Another personal story post for you, related to my ongoing journey with the health-related mess. I'm aware that some people want only to be engaged with the PB Project's more neutral features, without personal details, and that is perfectly okay with me! Hence the warning. If you want to continue, you're very much my guest.Be it somewhere, either here on the PB Blog, the PB Community Facebook Page, or closer to my personal, online spaces, there are times when I share things that get me anxious as I write, almost nauseate me to post, and then torture my nerves to leave up there, related to things that are personal to me. Not personal as in breaking the privacy of other people - which is my utmost concern and I try to do whatever I can to avoid that - but the kind of personal that opens my delicate rules of vulnerability or that reveal things that I was taught were inappropriate, mostly related to medical or other, related things. Sometimes I get so scared I end up taking them down, partly because I grew up with a mother branded among other things a hypochondriac behind her back when it came to me, and so I think others might have the same disrespect for me if I share this journey of mine, myself. But I also have very delicate, often proper, personal feelings about some things, as we all do, and can be embarrassed if not handled properly.

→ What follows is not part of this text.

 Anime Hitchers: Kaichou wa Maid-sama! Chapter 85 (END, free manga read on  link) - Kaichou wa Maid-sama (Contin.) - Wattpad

My parents weren't particularly formal people to say the least, but they taught me a rather strict view of what one discusses and what one keeps from the world. I was always taught, for instance, to use the formal, even professional terms for medical things some people don't even know, much less use, which in addition to a fairly formal vocabulary and grammar style gained from other facets of my upbringing, has earned me since I was a child the reputation of being much older (and stuffier) than I am, and online especially. As I've gotten older, some of those personal rules have become so antiquated in my local culture that I've even been teased for holding to them. It hasn't stopped people for coming to me in search of answers for various things they couldn't ask anyone else they knew, but I still get to be the topic of amusement, now and again. Which isn't a bad thing, as long as we all know it's in love and respect rather than mockery and derision.

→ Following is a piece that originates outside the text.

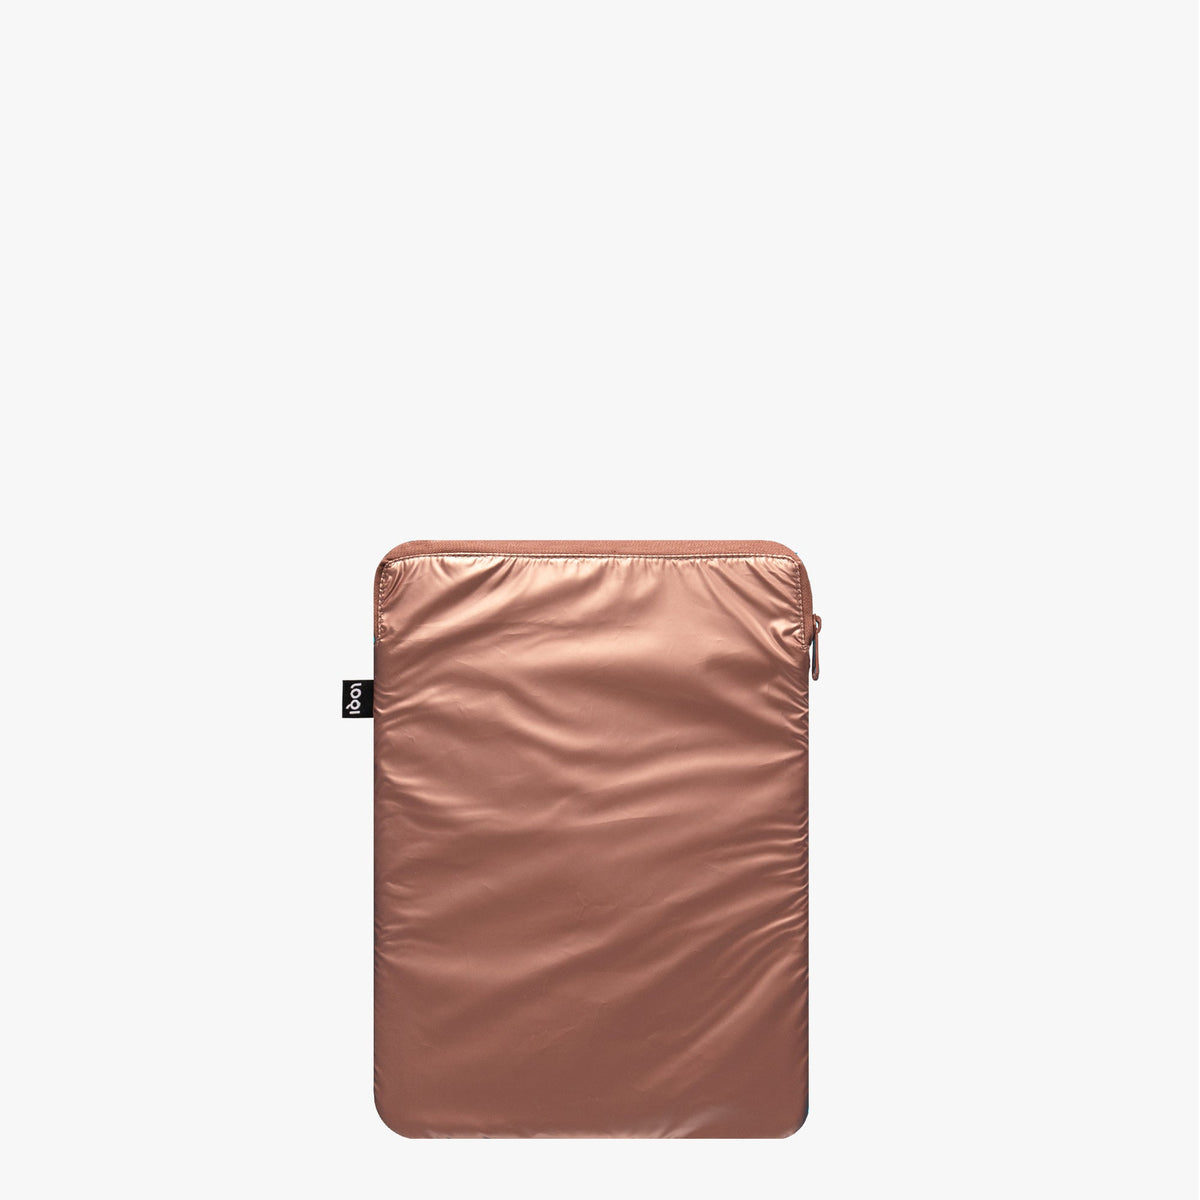 Rose Gold Laptop Sleeve 24 x 33 cm

Part of my struggle in this health journey has been to find a balance between sharing the truth as a means of helping people be aware of what I've learned, so that perhaps more can come together in the common goal of providing the means of research and understanding that could help the future; and not being overwhelming nor annoying. Some people just don't want to know, and some want to know all they can, while others really just don't care. Being the empath and peacemaker I am, it matters to me to at least attempt a balance, somewhere in the average.
So that is why I end up considering apologies like one aimed at those who were subjected to a description of what this coming week is likely going to be like for me, physically, as I must withdraw from several of my meds, mostly pain and some function-related meds, in preparation for a special test geared toward gauging and better understanding the length and depth of my autonomic ("automatic") nervous system dysfunction, or dysautonomia. I have several types of symptoms of dysautonomia, and so getting a better idea of how it affects things in various ways is the goal of the test. I don't know much more than that, actually.

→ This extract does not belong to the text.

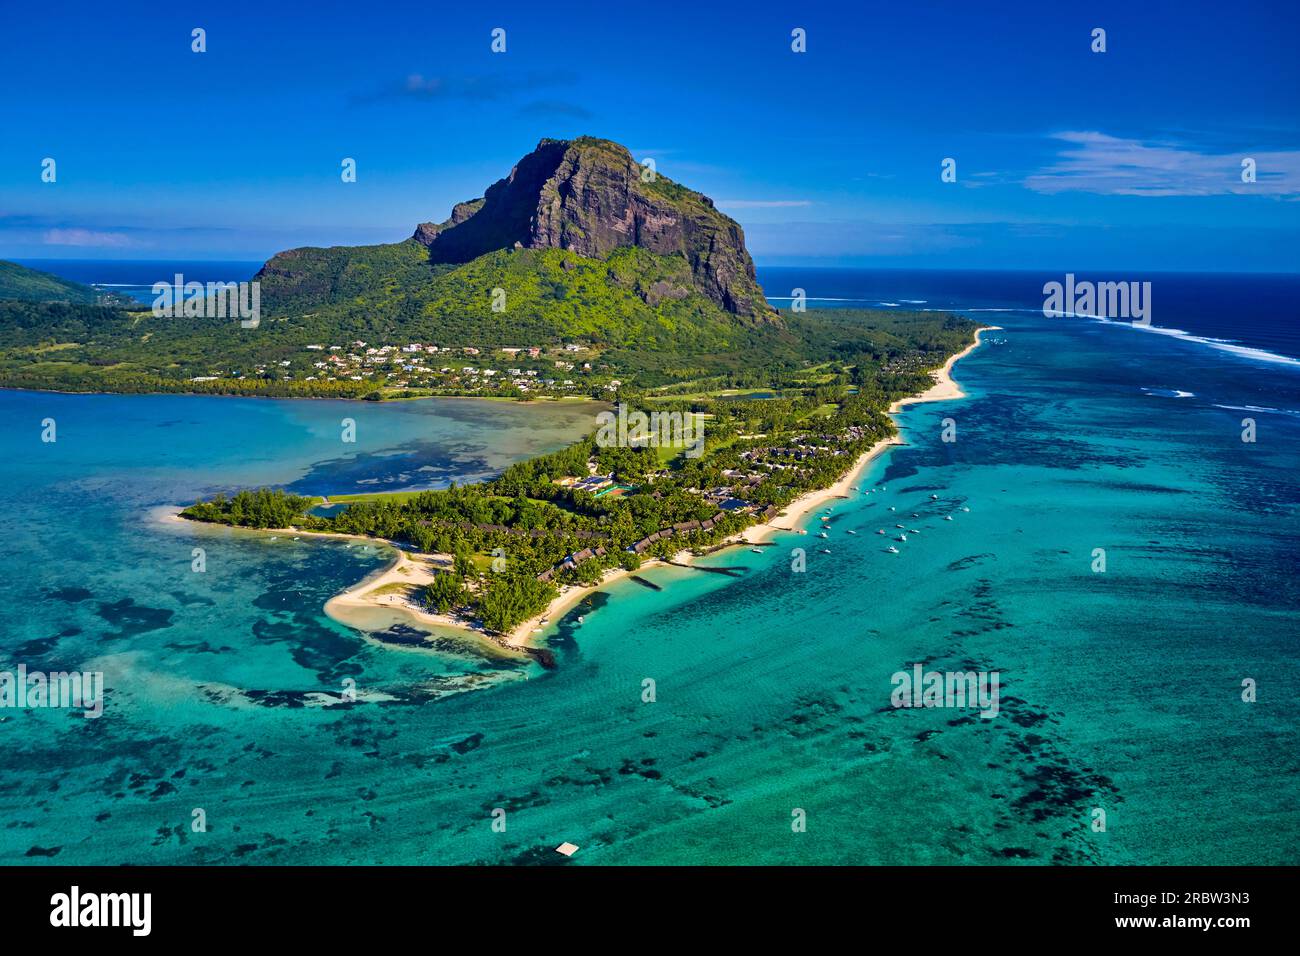 Mauritius, Black River district, Morne Brabant peninsula, Unesco World Heritage, aerial view Stock Photo

I do know what it's like to have even one of those medications dropped for a few days, much less a week, and I decided to set aside my caution and explain it in clear terms, using examples people could understand and relate. There is no way to properly describe it without that sort of thing, because it's more difficult to experience than most people could ever, even imagine if they haven't experienced it, themselves. And there are many, many who experience it every day, not being able to even have the medical support I've had. I can't take most regular pain medication, so my doctors have had to get creative, and that means that means my situation is more complex than it would even be, otherwise. But to remove what little relief I've had has me, well, scared.
I hesitate to even describe it, here, but to be fair to those I might represent which I'll explain in a bit, I'll summarize. Basically I typically live in "4-6" out of 10 on the traditional pain scale, where most of the time medical treatment aims for under 3. For me, at a 7, I feel like I'm coming down with the flu along with every nerve ending burning, inside and out. I've described removing one of those meds as, "filling me with acid, setting me on fire, and then scraping sandpaper across my entire body while I have a high fever." Even the still air of a closed room can feel like burning sandpaper, never mind my clothing hair, bedding, and anything else that touches me. My description the other night was a bit more detailed, but that's the gist and I kinda wish I'd left it at that. I hadn't even considered all the injuries I've been collecting, such as in my feet, hips, shoulder, hand, and thumb.
The response was difficult and a bit embarrassing to me, and I've been sitting here, debating an apology that started like this:
My apologies if my previous description the other night of what I'm facing this week in prep for the autonomic testing was overwhelming or excessively bothersome for some people.
I do preface those kinds of posts with the short warning that I'm about to post something for those who want to be let in on the journey, for that reason. I try my best to not post things that are particularly triggering without some kind of warning, and I don't post things such as pictures of injuries or what-have-you, because those kinds of things can be triggering for my own, overgrown empathy on my newsfeed, and I don't like to do that to others.
On the other hand, having given those warnings, if it is extremely bothersome to know what's going on, you have some choices, such as to not read the post (which is the point). But know that I try to err on the side of not sharing everything, even with what I share, so at least there's that: you're not getting the gritty blow-by-blow. I think that post was the most descriptive I've been about my personal experience with this mess, other than the general story line, of which I still leave a fair bit out.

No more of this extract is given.